Daniel Lane suggested GC deadlocks. We have seen those happen on production systems, too, and they definitely cause issues with process size and out of memory conditions.
One thing you could do is run Debug Diagnostics Tool, capture a full dump when the OutOfMemoryException occurs, and then have the tool analyze the dump for crash and memory information. I've seen some interesting things happen with both native and managed heaps from this report.

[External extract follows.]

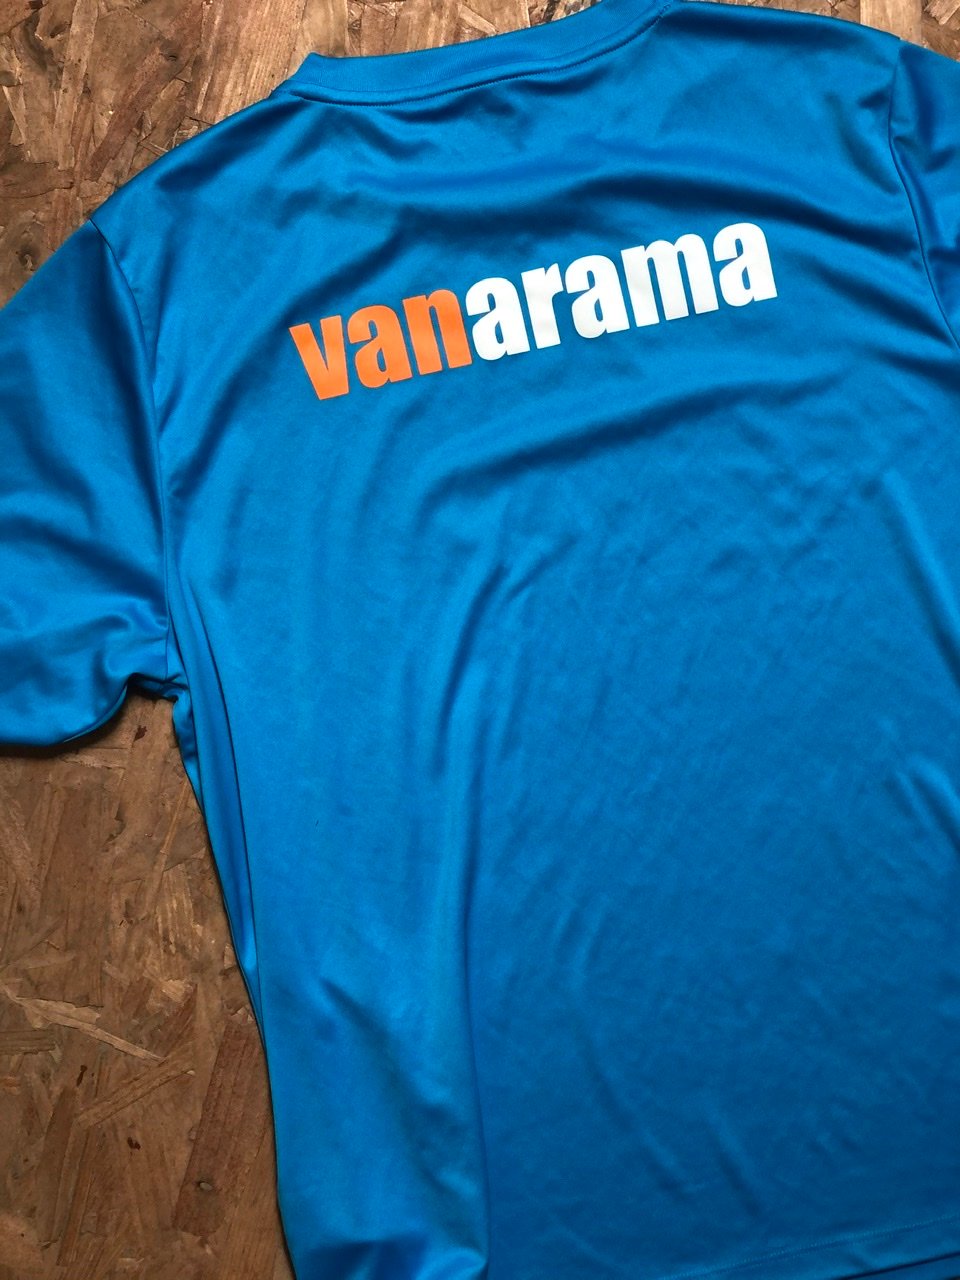 Player Issue Jako Vanarama Team T-shirt

For example, we found a printer driver had allocated 1 GB of unmanaged heap on a 32-bit system. Updating the driver fixed the issue. Granted, that was a client system, but something similar could be happening to your server.
I agree that this sounds like a native mode error. Looking at the implementation of System.Threading.Monitor.Wait
, ObjWait
, PulseAll
, and ObjPulseAll
from the .NET 4.5 Reference Code reveals these classes are calling native methods:
/*========================================================================
** Sends a notification to all waiting objects.
========================================================================*/
[System.Security.SecurityCritical] // auto-generated
[ResourceExposure(ResourceScope.None)]
[MethodImplAttribute(MethodImplOptions.InternalCall)]
private static extern void ObjPulseAll(Object obj);
[System.Security.SecuritySafeCritical] // auto-generated
public static void PulseAll(Object obj)
{
if (obj == null)
{
throw new ArgumentNullException("obj");
}
Contract.EndContractBlock();
ObjPulseAll(obj);
}
A comment on Raymond Chen's article about "PulseEvent is fundamentally flawed" by "Mike Dimmick" says:
Monitor.PulseAll is a wrapper around Monitor.ObjPulseAll, which is an internal call to the CLR internal function ObjectNative::PulseAll. This in turn wraps ObjHeader::PulseAll, which wraps SyncBlock::PulseAll. This simply sits in a loop calling SetEvent until no more threads are waiting on the object.
If anyone has access to the source code for the CLI, maybe they could post more about this function and what the memory error could be coming from.
The GC doesn't take into account the unmanaged heap. If you are creating lots of objects that are merely wrappers in C# to larger unmanaged memory then your memory is being devoured but the GC can't make rational decisions based on this as it only see the managed heap.
You end up in a situation where the GC collector doesn't think you are short of memory because most of the things on your gen 1 heap are 8 byte references where in actual fact they are like icebergs at sea. Most of the memory is below!
You can make use of these GC calls:
System::GC::AddMemoryPressure(sizeOfField);
System::GC::RemoveMemoryPressure(sizeOfField);
These methods allow the garbage collector to see the unmanaged memory (if you provide it the right figures)
If it is a fragmentation problem then you cannot solve it without some sort of profiling. Search for a memory profiler that supports fragmentation detection to know exactly the cause of this fragmentation.
GC.Collect()
will only free memory where an object is not referenced by anything else.
A common scenario where a leak can occur is by not disconnecting an event handler from an object before setting it's reference to null.
As an exercise in avoiding leaks, it's a good idea to implement IDisposable
on objects (even tho' it's meant for releasing unmanaged objects), simply from the point of view of ensuring that all handlers are disconnected, collections are cleared correctly and any other object references are set to null.